• What is required
What you return must match the listing below line for line, minus its pictures.

• Information supplied
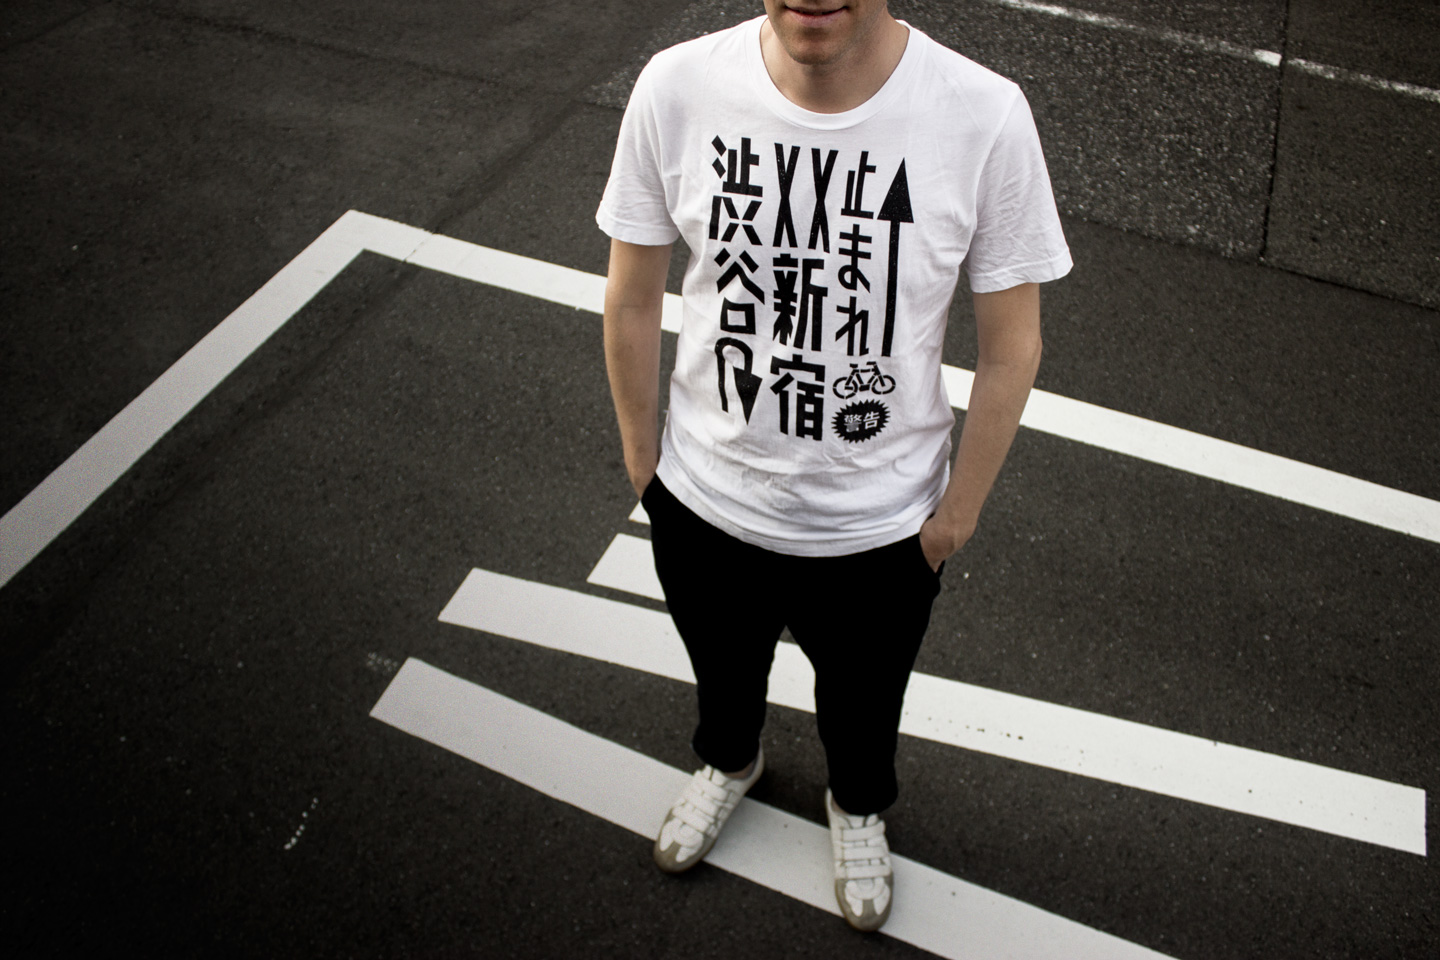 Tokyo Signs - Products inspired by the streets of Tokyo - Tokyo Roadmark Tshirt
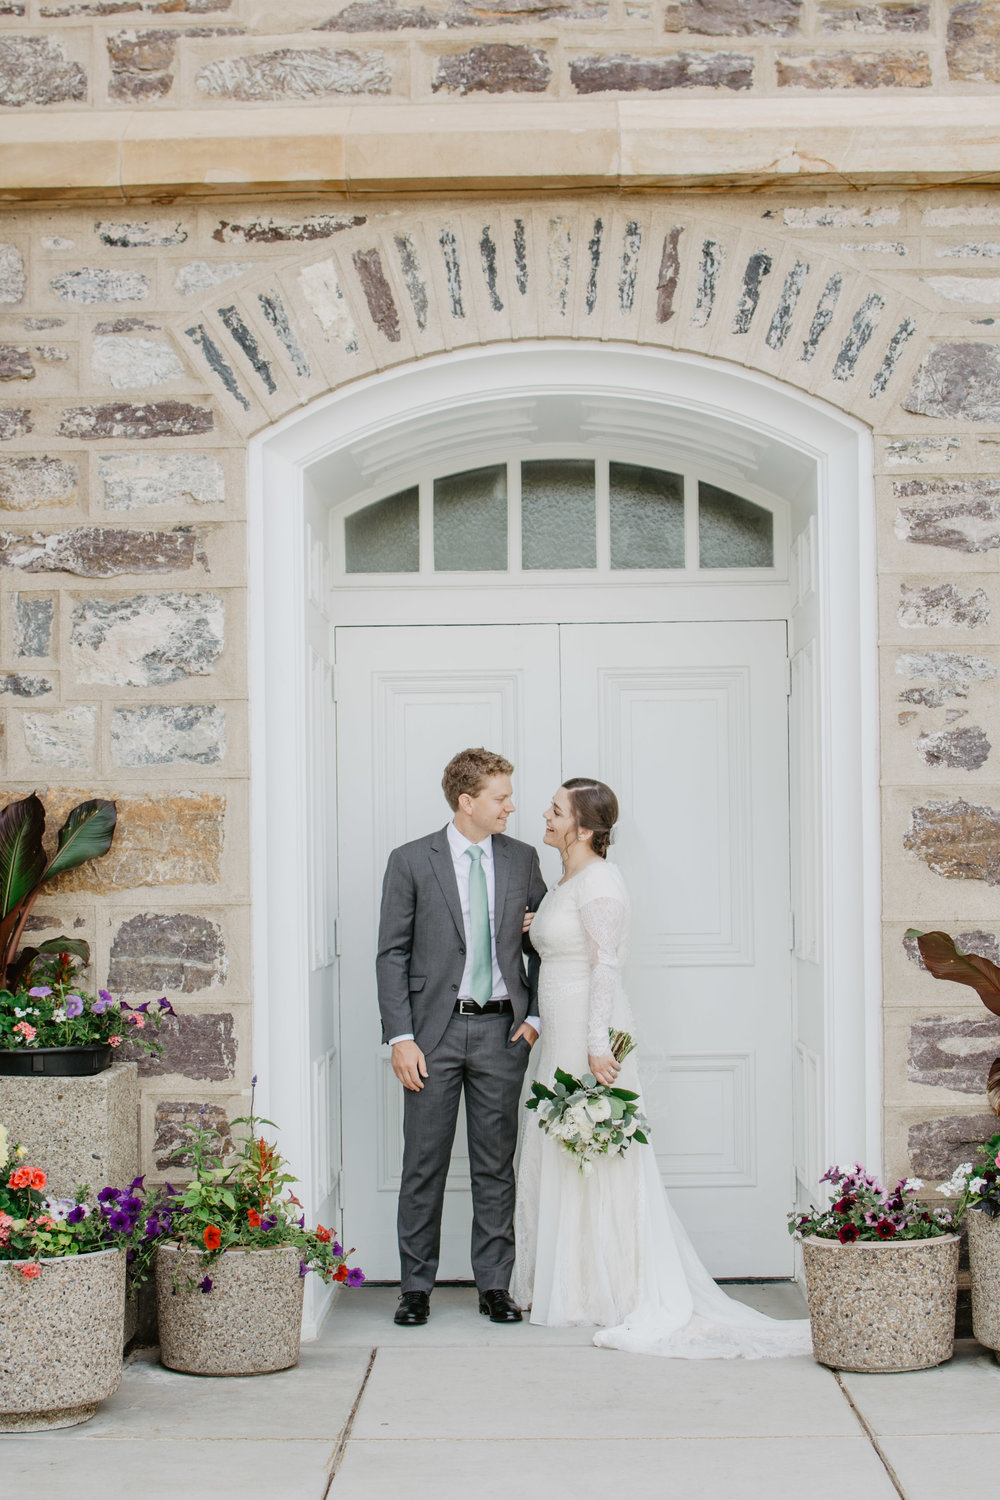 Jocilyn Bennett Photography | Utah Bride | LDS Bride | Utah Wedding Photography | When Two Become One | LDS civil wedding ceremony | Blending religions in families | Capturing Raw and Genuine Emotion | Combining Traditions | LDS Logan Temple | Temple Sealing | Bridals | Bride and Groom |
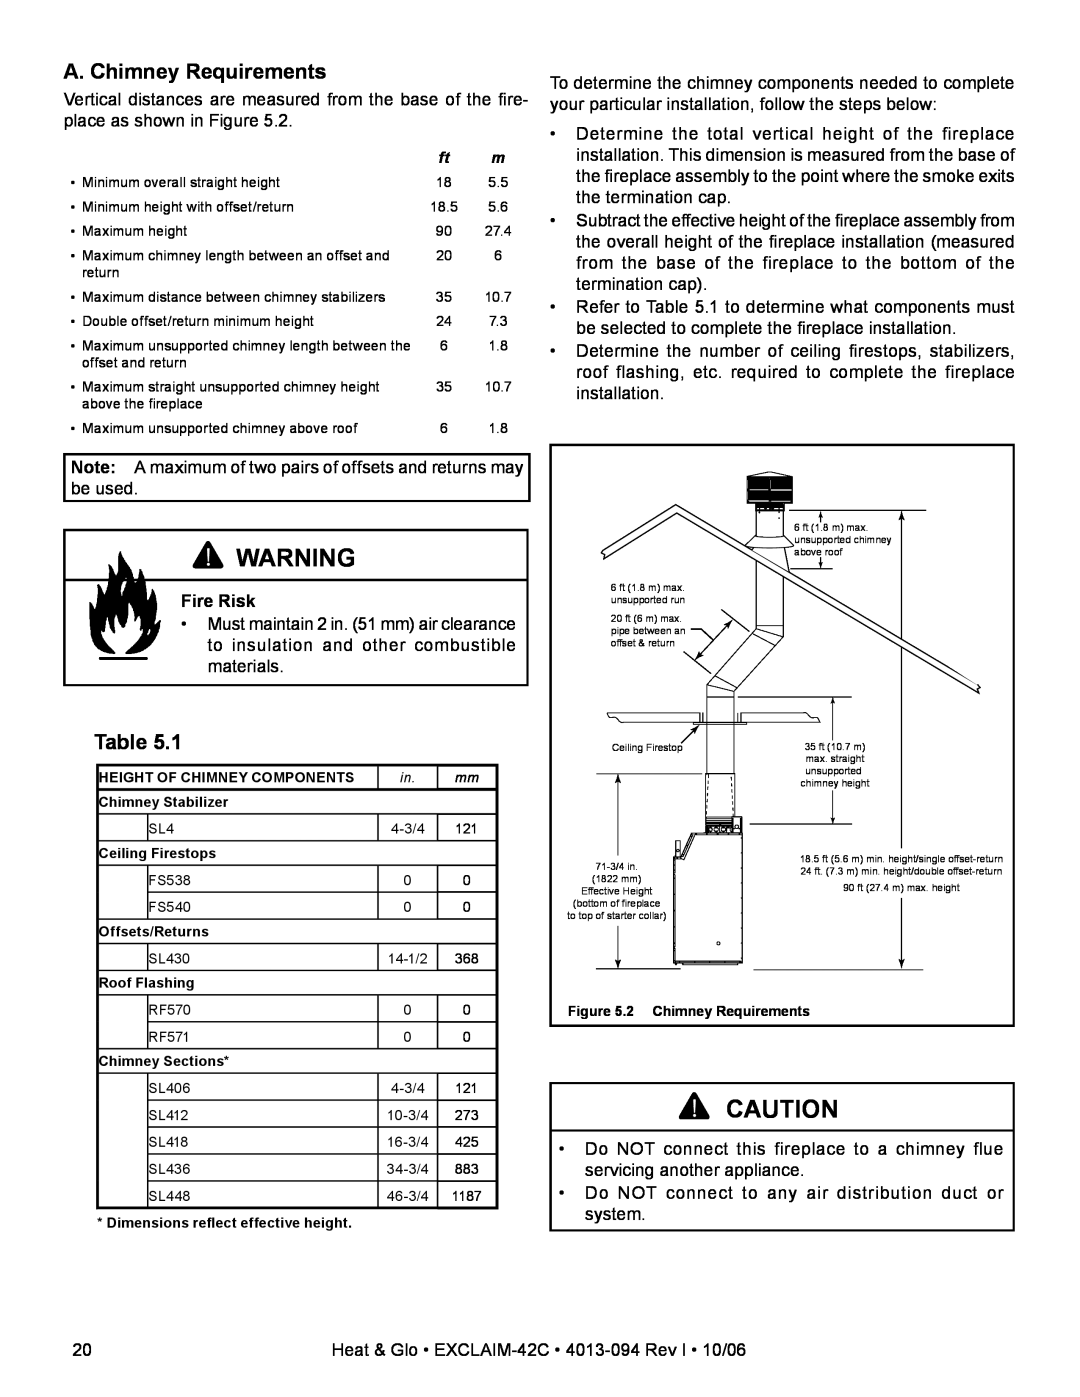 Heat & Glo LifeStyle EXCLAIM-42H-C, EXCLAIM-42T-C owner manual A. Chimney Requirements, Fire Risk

• Solution
 Tokyo Signs - Products inspired by the streets of Tokyo - Tokyo Roadmark Tshirt
 Jocilyn Bennett Photography | Utah Bride | LDS Bride | Utah Wedding Photography | When Two Become One | LDS civil wedding ceremony | Blending religions in families | Capturing Raw and Genuine Emotion | Combining Traditions | LDS Logan Temple | Temple Sealing | Bridals | Bride and Groom |
 Heat & Glo LifeStyle EXCLAIM-42H-C, EXCLAIM-42T-C owner manual A. Chimney Requirements, Fire Risk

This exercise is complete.